凤凰网资讯:你觉得这些是相互矛盾的么?
伊能静:这种想法特别逗,如果一个人没有社会经济的价值,怎么纳税?没有纳税,凭什么要求政府动用资源为他提供医疗检查。政府的钱从哪里来?纳税人;纳税人的钱从哪里来?创造经济利益价值而来。这是一个人与社会之间的完整链条。

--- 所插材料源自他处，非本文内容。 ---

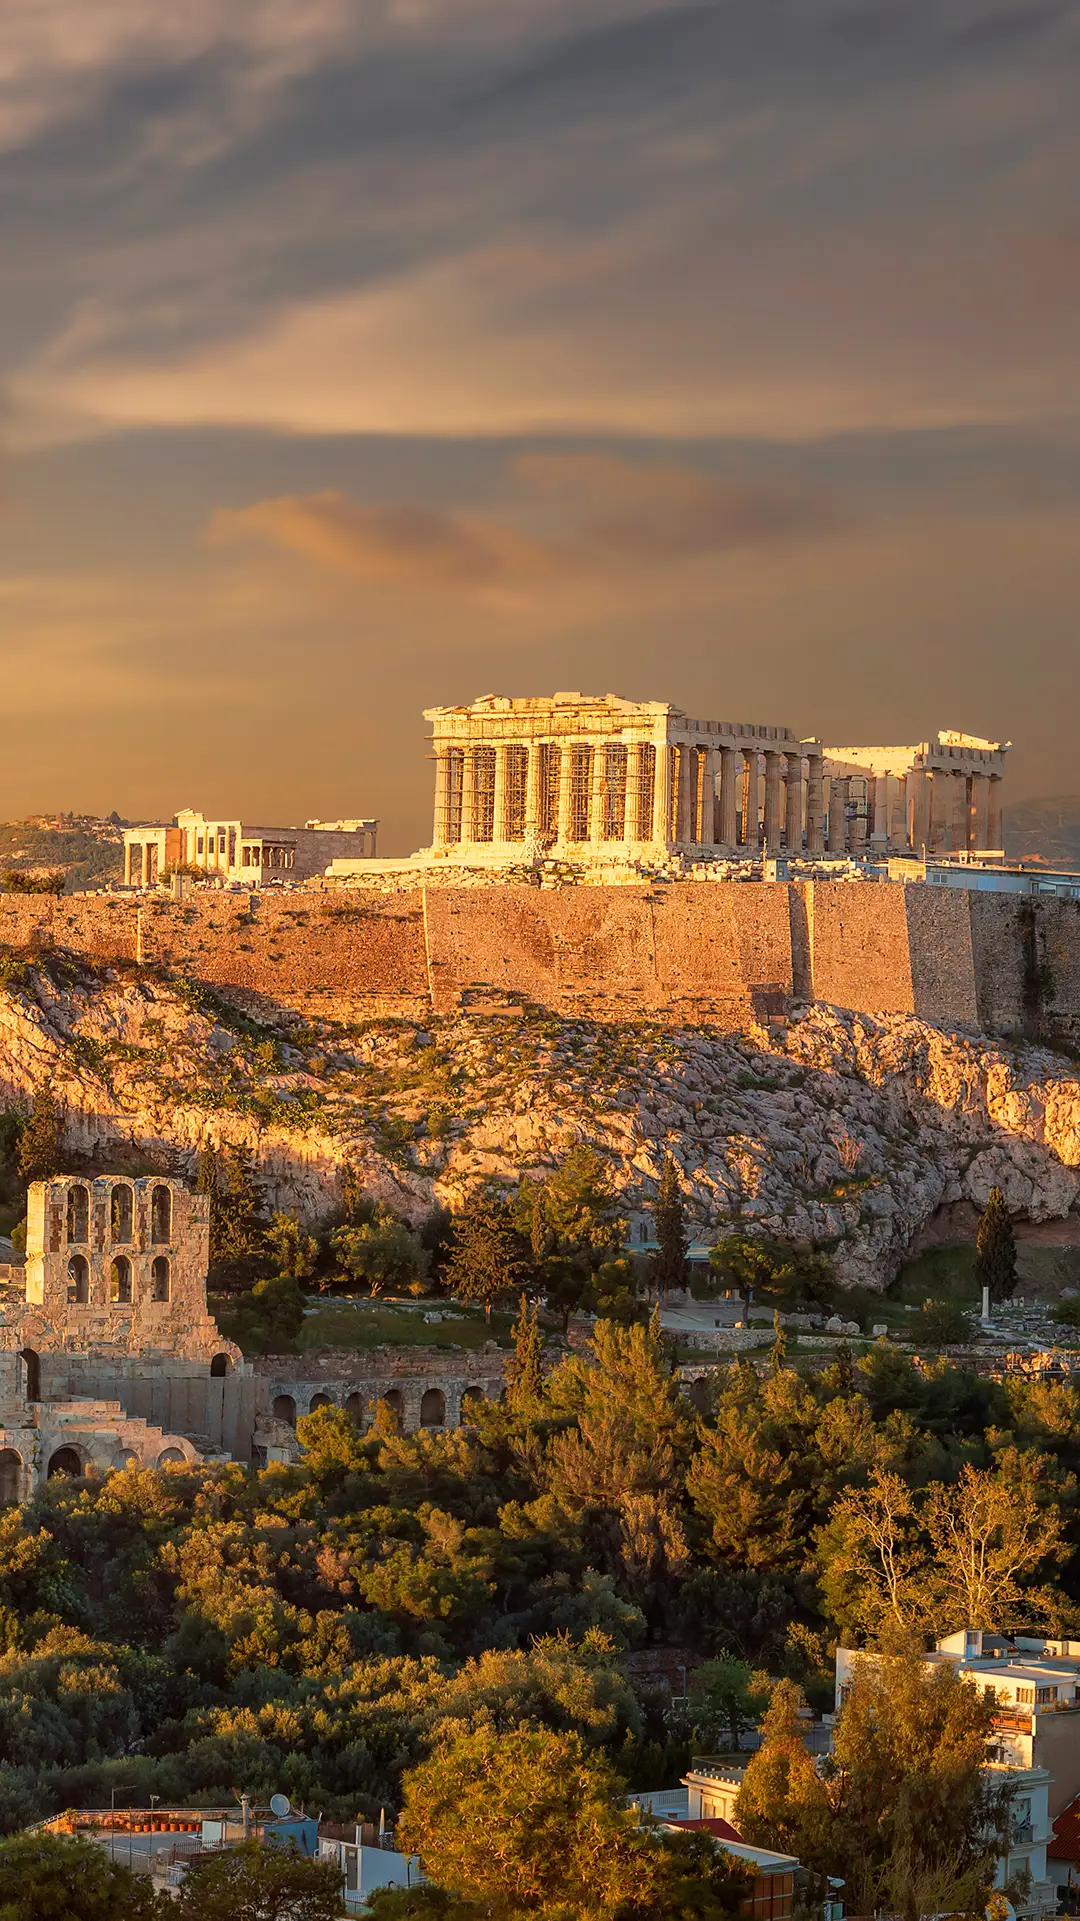 Akropolis of Athens at sunset.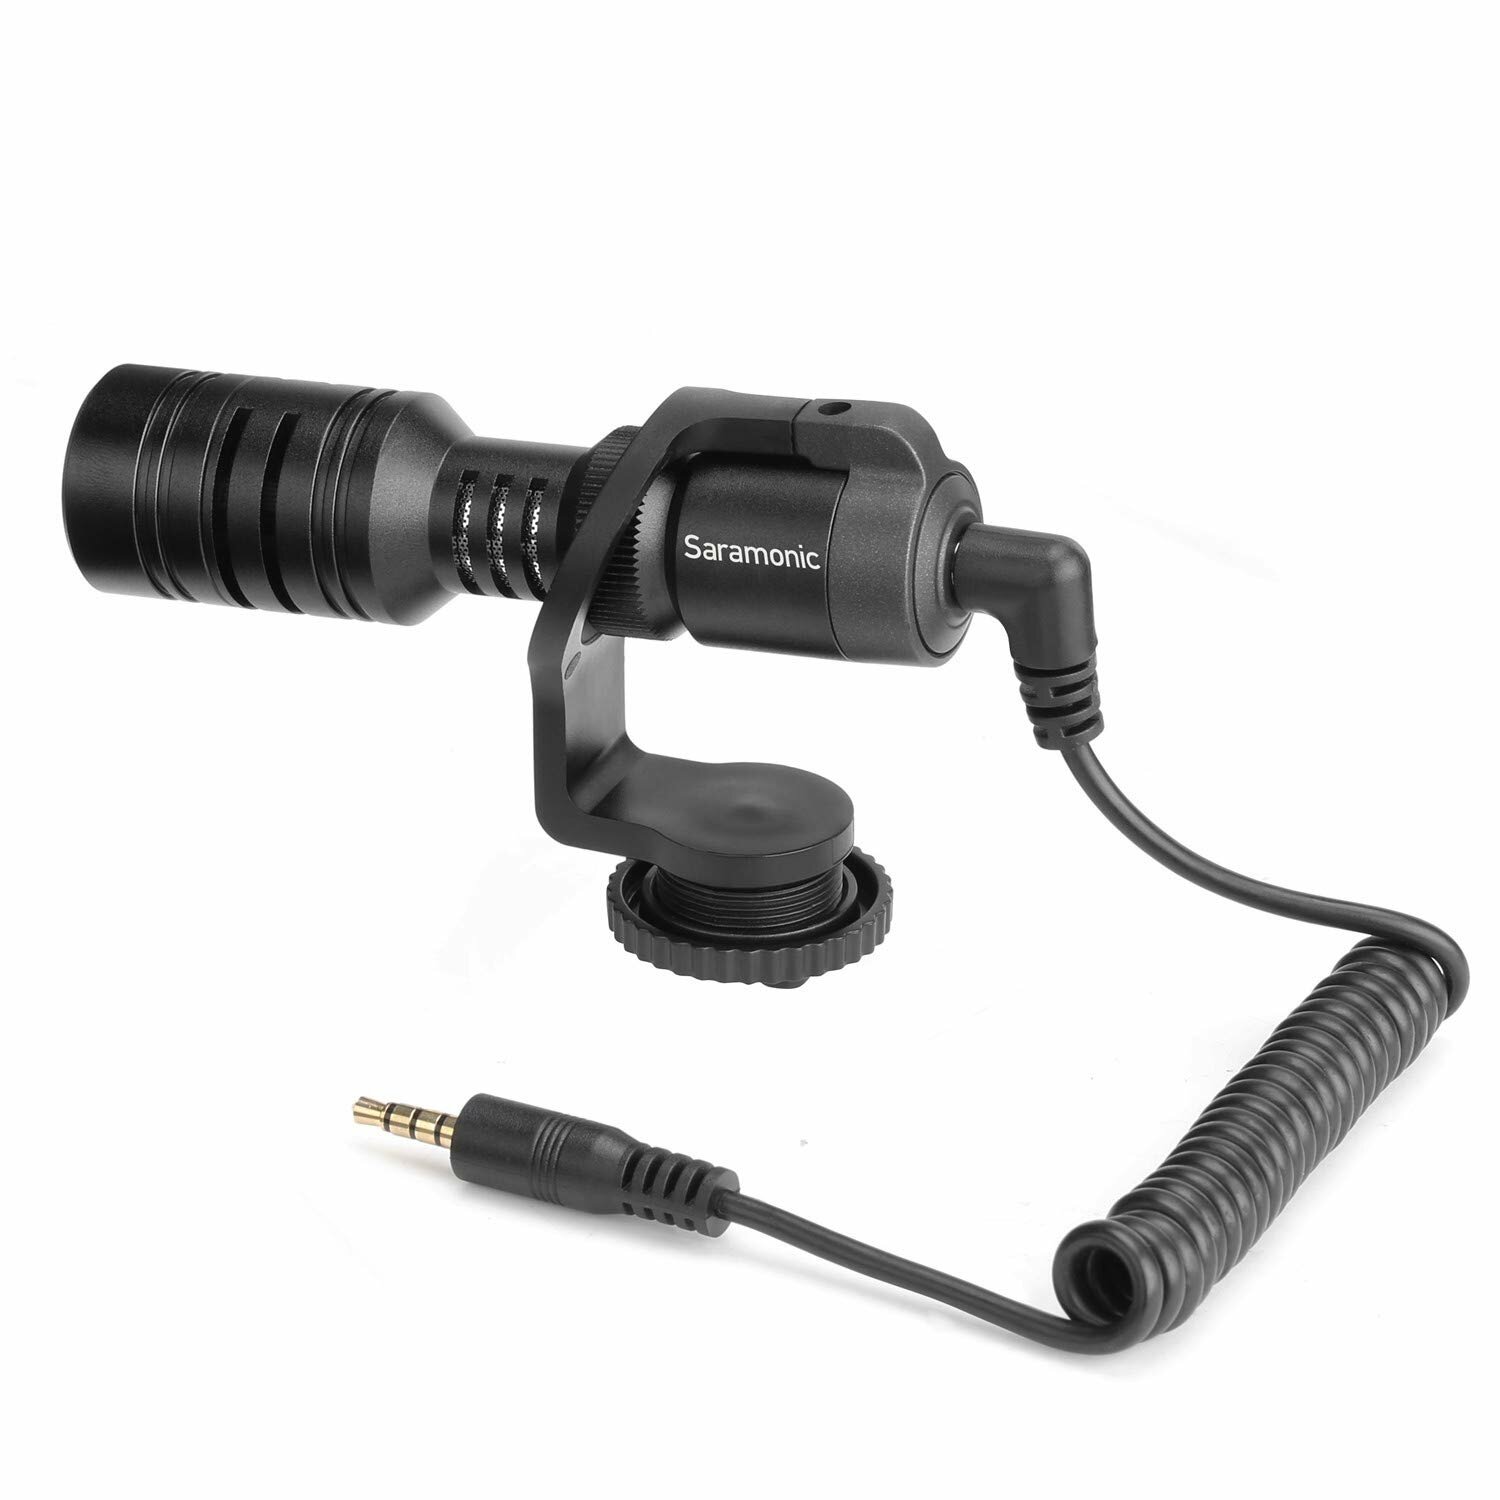 Saramonic Vmic Mini Mountable Condenser Microphone For DSLR Mirrorless & Video Cameras Or Smartphones & Tablets

我是独立的,我享有自由、权利和安全,所以我纳税,然后我要求有人来保护和制衡我的自由、权利和安全。因为我们享有了自由、权利和安全,所以监督这个自由、权利和安全是否合理,是否公平。当我们完全享受到合理公平的自由、权利和安全,我们又必须创造经济利益价值,为国家和社会做建设,所以我们要纳税。
这个完整的链条,怎么可能拆开来。现在很多人的问题是,不能对自己所创造的经济价值很坦荡。我觉得赚钱应该坦荡,关心国家事务应该坦荡,环保也应该很坦荡。这有什么不对?我觉得现在内地有一个问题,就是太喜欢把人统一化了,把每个人归类贴上一个标签,把人分成两种、三种、四种。一旦发现你居然不是我原来认定的那类人,我就要反抗你。我觉得这种斗争意识很强,贴标签的意识很强,分类的意识很强,把人统一化的意识很强。
凤凰网资讯:一种非黑即白的思维?
伊能静:对。你要不是A就是B,你要不是B就是C。他用这个标准来辨识,其实是很危险的。当你认定某一个人只有一种样子的时候,表示你的认知是有限的,那么你就很容易被别人控制。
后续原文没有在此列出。